Small Datasets

Let us now compare SVMTorch and Nodelib on small datasets. In the results given in TABLE 3, only the first 5000 training examples were used. The size of the cache was set to 300Mb, so that the whole kernel matrix could be kept in memory. For each problem, we also computed the output median (which minimizes the mean absolute error (MAE) without any information about the inputs) on the training set and computed the performance of this median over the training and the test sets in order to have a better idea of the performance of the various algorithms.

Table 3: Experiments on small training sets. SVMTorchN = SVMTorch without shrinking, SVMTorchU = SVMTorch with shrinking and unshrinking, Time NSP = time (in seconds) for non-sparse data format, Time SP = time (in seconds) for sparse data format, # SV = number of support vectors, Objective Function = value of (3) at the end of the optimization, Model Train = mean absolute error (MAE) over the training set, Model Test = MAE over the test set, Median Train = MAE over the training set with the median as predictor, Median Test = MAE over the test set with the median as predictor.

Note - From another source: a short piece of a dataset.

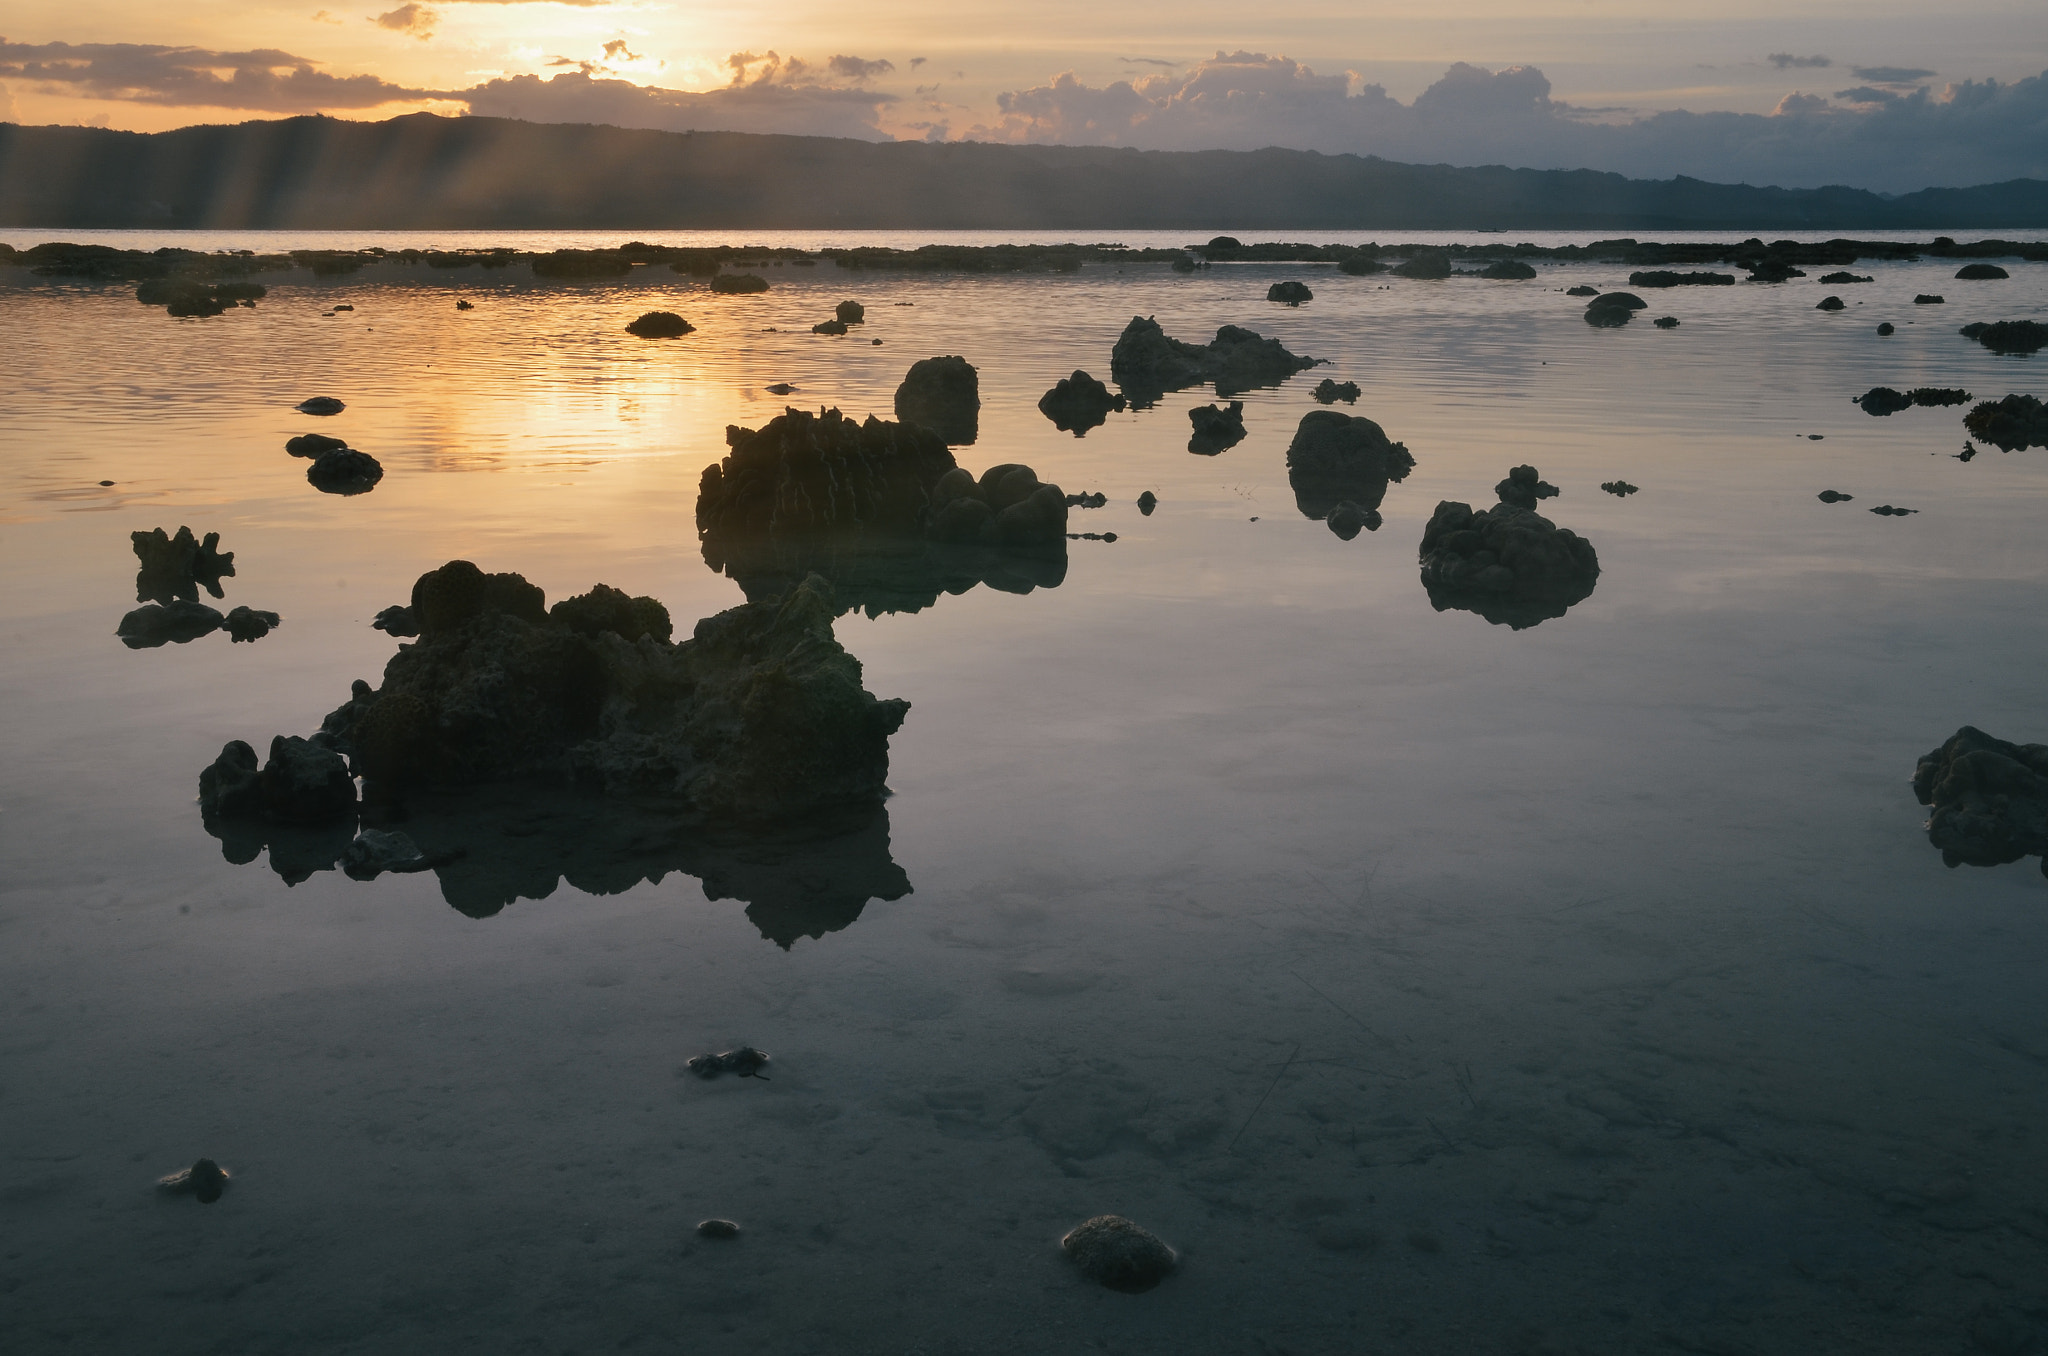 Nikon D7000 + Sigma 17-70mm F2.8-4 DC Macro OS HSM | C sample photo. Alibijaban island sunset photography

Dataset	Model	Time			Objective	Model		Median
		NSP	SP	# SV	Function	Train	Test	Train	Test
	SVMTorch	7	-	936	-173977.85	0.30	0.31
Kin	SVMTorchU	15	-	936	-173977.85	0.30	0.31	0.37	0.38
	SVMTorchN	45	-	941	-173982.65	0.30	0.31
	Nodelib	157	-	932	-174019.67	0.30	0.31
	SVMTorch	31	-	342	-13594.01	0.25	0.52
Artificial	SVMTorchU	166	-	367	-13703.07	0.24	0.51	25.16	27.95
	SVMTorchN	448	-	370	-13701.41	0.24	0.51
	Nodelib	231	-	342	-13707.29	0.24	0.51
	SVMTorch	21	21	993	-1012.46	0.51	0.80
Forest	SVMTorchU	65	43	1051	-1030.78	0.41	0.80	0.38	1.59
	SVMTorchN	110	115	1058	-1030.43	0.41	0.80
	Nodelib	542	-	1032	-1031.54	0.41	0.80
	SVMTorch	2	-	420	-3489571.13	9.65	10.12
Sunspots	SVMTorchU	9	-	422	-3489630.53	9.65	10.11	33.02	52.58
	SVMTorchN	38	-	422	-3489628.27	9.64	10.11
	Nodelib	327	-	422	-3489630.65	9.64	10.11
	SVMTorch	118	79	1861	-190.77	0.39	0.48
MNIST	SVMTorchU	147	98	1861	-190.77	0.39	0.48	0.98	0.97
	SVMTorchN	152	104	1861	-190.77	0.39	0.48
	Nodelib	2216	-	1878	-190.80	0.39	0.48

As can be seen, for all the datasets, SVMTorch is usually many times faster than Nodelib (except for Artificial in the case of SVMTorch without shrinking). Since the whole matrix of the quadratic problem was in memory, handling of the cache had no effect on the speed results. Thus one can conclude that one of the main differences between these algorithms is the selection of the subproblem, and that selecting the $\alpha_i$ independently of the $\alpha_i^{\star}$ is very efficient. However, Nodelib gave slightly better results in terms of the objective function (probably due to the fact that their termination criterion is stronger than ours; see [1] for a comparison between termination criteria), but not in terms of test error. Note that for problems of this size, shrinking does not cause the performance to deteriorate too much (check the values of the objective function as well as the training and test set performances) but does speed the algorithm up a lot. Note also that using the sparse format was not good in the case of Forest but was good for MNIST, which has a higher input dimension: this means that the cost induced by the use of sparse format is balanced by the gain obtained in the kernel computation only when the input size is large enough.